Yosef Chaim Brenner’s 1910 novella, “Nerves,” is a reflection on his anxious excitement over the Zionist project. The reader sees that Brenner, through the eyes of the storyteller, has traveled through many diasporic lands—Ukraine, New York, London, Berlin, and Cairo, with the hopes “of finding a foothold, any hold” (p.37) in the world. However, the storyteller knows that his circumstances will never allow for him to find such a hold in the diaspora and thus yearns “for a place to call my own, which as a Jew was something I had never had” (p.37). “Nerves” is a classic conflict between head and heart: on the one hand Brenner’s intellect tells him that in the greater scheme of things, on the meta level of the existentialist, there is no such thing as a Jewish homeland—“what on earth do we and the land of Judea really have to do with each other?” (p.51)

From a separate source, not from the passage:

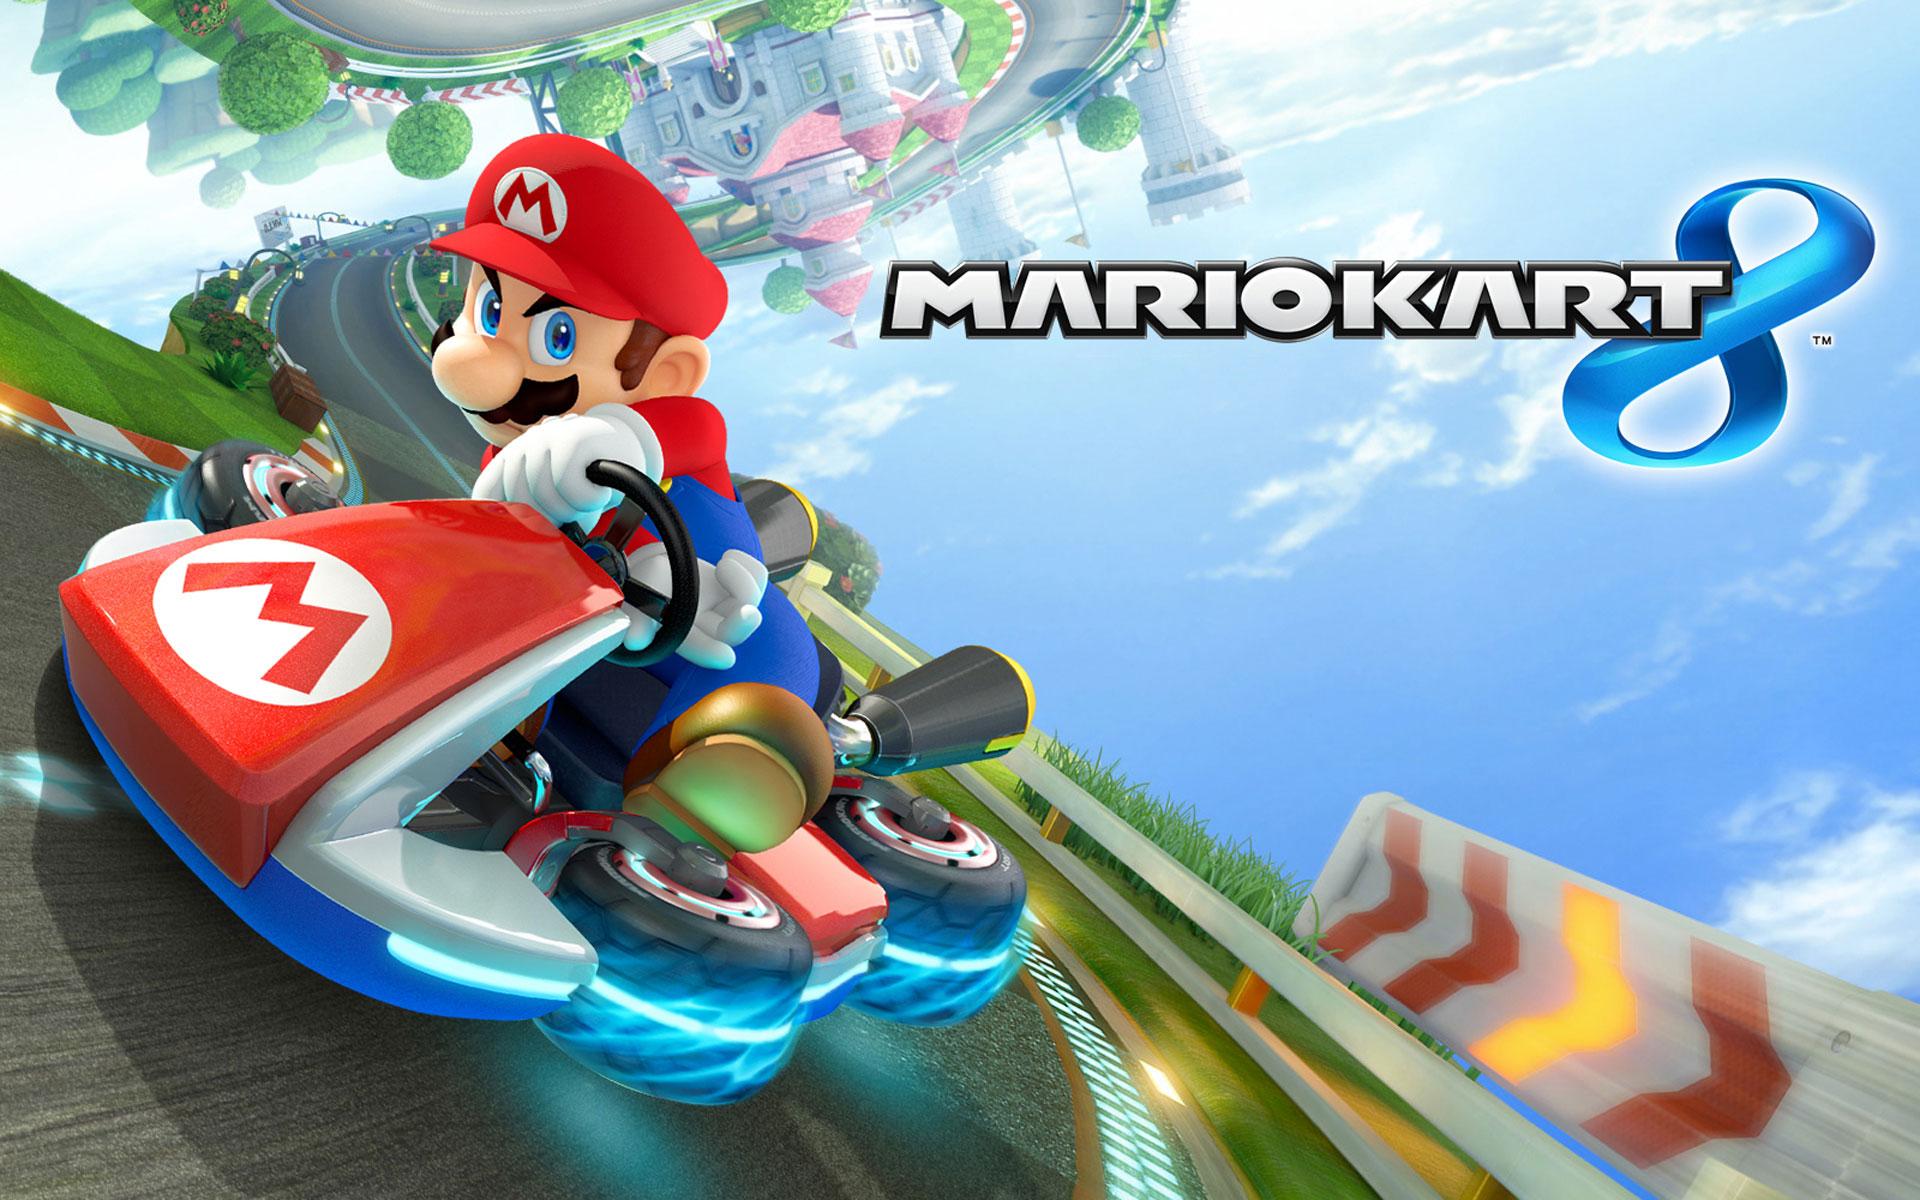 Mario Kart 8 Boxart Wallpaper

At the same time, when Brenner’s character allows his emotions to take over, he confesses that there is something special about the Biblical homeland. As the opening passage confirms, he cannot help himself. Try as he might to deny that special connection, when he sees the Haifa shores for the first time he really does “believe in the beauty of nature…of the cosmos…of something even higher than that” (p.57). That he attempts to diminish this feeling by attributing it to his nerves shows only that his rational side is responding back due to his harsh reality as a pioneer. It is this nervous angst that causes Brenner to splice comments like those about the “bird whose Hebrew name” (p.32) was not yet known throughout the novella. They reflect the same struggle of storyteller: can the Jewish sufferer’s eternal wandering actually end with settlement in Israel? Although life in the Orient is by no means easy, the answer, of course, is unequivocally yes.

2 comments:

  1. Dear Jonah,

    I picked up your Columbia "Spectator" piece on Ben-Gurion University's Facebook page and Twitter accounts. Thanks for your support. Great article.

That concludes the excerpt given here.